The following techniques are available to women who are willing to preserve their fertility prior to, or during chemo- and radiotherapy: Embryo cryopreservation, immature or mature oocyte cryopreservation, ovarian tissue cryopreservation (OTC) and ovarian transposition. In this review, we specifically focus on the oocyte and OTC. Other experimental techniques, such as the activation of ovarian follicles, in vitro follicle culture, artificial ovaries and novel fertoprotective agents, may appear to be promising, although further research is still required (6).

In males, the onset of production of spermatozoa begins at puberty and it is known as spermarche. Unlike women, from the moment of the spermarche, spermatogenesis is maintained during the entire duration of a man's life, on account of the spermatogonia type A, among others (7). Testicular stem cells differentiate into spermatogonia, which will eventually become spermatozoa under the process of spermatogenesis. Spermatogonia in the testes are extremely sensitive to radiation, regardless of age. Leydig cells, on the other hand, are more sensitive to radiation prior to the onset of puberty, whereas in adulthood, they become more resistant to radiation (8). Consequently, adult patients may preserve Leydig cell function and testosterone production following radiotherapy despite being azoospermic. Furthermore, if a population of spermatogonial stem cells (SSCs) remains after cancer treatment, as the effect is dose-dependent, the regeneration of spermatozoa may continue for years (9). Those at the highest risk of developing permanent sterility are children and adolescents with testicular cancer, leukemia and Ewing's sarcoma. Sperm banking is the recommended FP technique for males, although the cryopreservation of SSCs is also available.

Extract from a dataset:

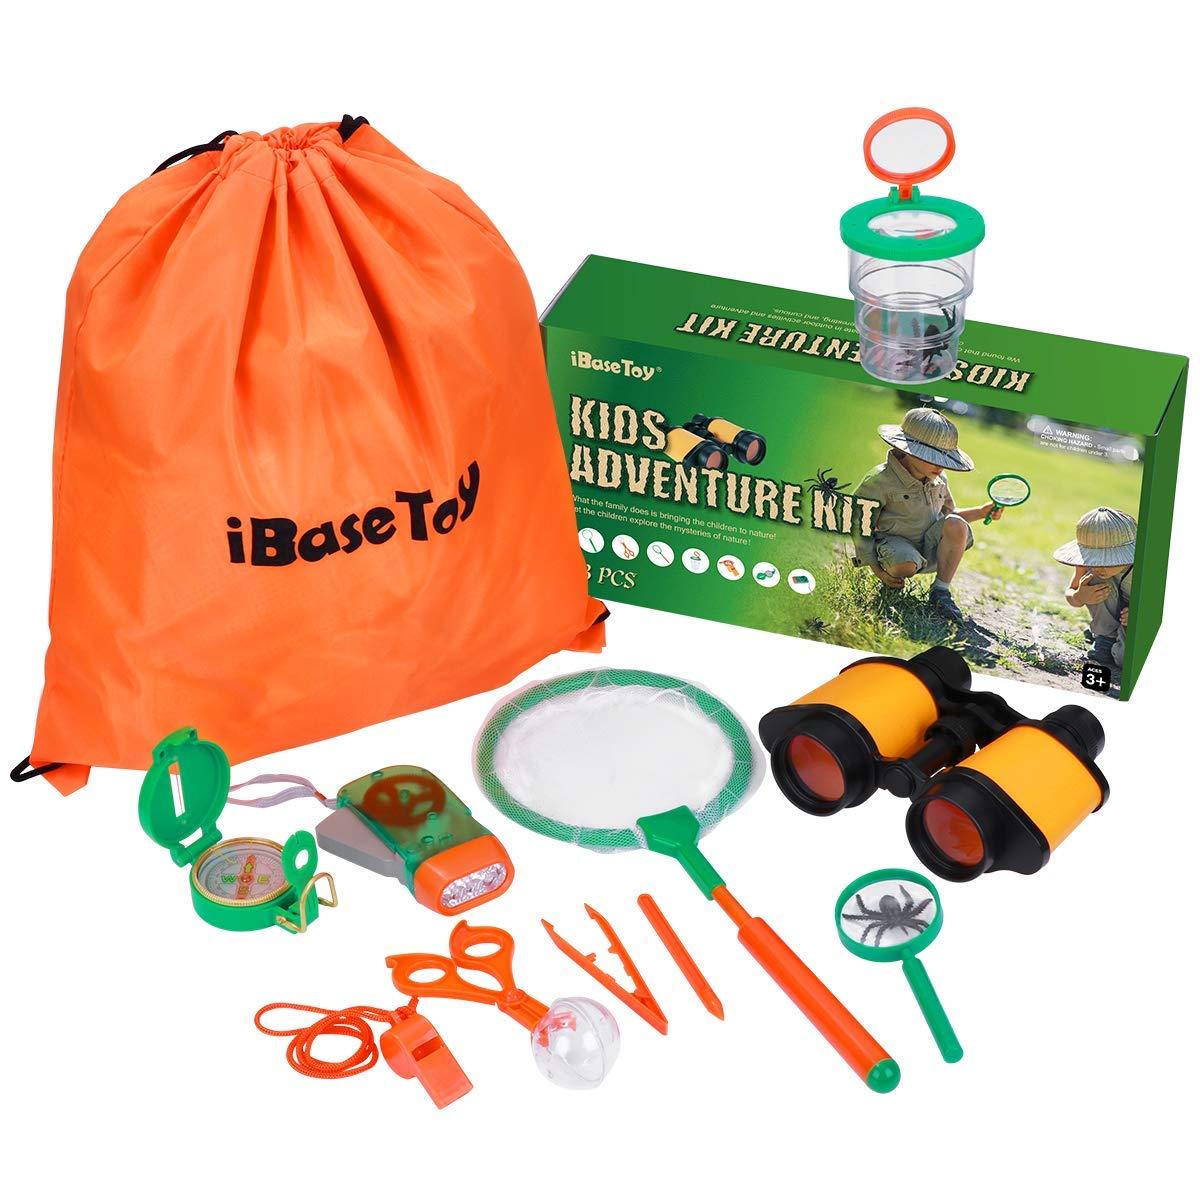 Adventure Kids-Outdoor Explorer Kit

Fertility preservation techniques in females

Embryo cryopreservation

This technique has established success rates and is a widely used and reliable method. It is like an in vitro fertilization (IVF) protocol, which has been performed for over 30 years. Women undergo controlled ovarian stimulation (COS) with gonadotropin injections to promote multifollicular growth. After 10–14 days, oocyte retrieval is performed, normally under conscious sedation and with transvaginal ultrasound-guided needle aspiration (10). The oocytes are then fertilized in the laboratory and are cryopreserved for future use, commonly in their blastocyst phase (4).

The disadvantages of this technique are mainly three as follows: The need of a stable male partner, ethical issues regarding embryo disposition and the time required for ovarian stimulation. COS normally begins during the early follicular phase. When a patient is diagnosed in her early follicular phase, ovarian stimulation with gonadotropin-releasing hormone (GnRH) antagonist begins immediately. However, if the patient is in any other phase, the IVF standard protocols require the patient to wait up to 3 weeks before the process begins (10). Therefore, this method is not a viable option for women whose aggressive cancer treatment is of highest priority, as the IVF standard protocols require a wait of up to 3 weeks before the process begins (10). It is also not recommended in women with hormone-sensitive cancers and is not possible for prepubertal girls. It is also not recommended in women with hormone-sensitive cancers and not possible for prepubertal girls.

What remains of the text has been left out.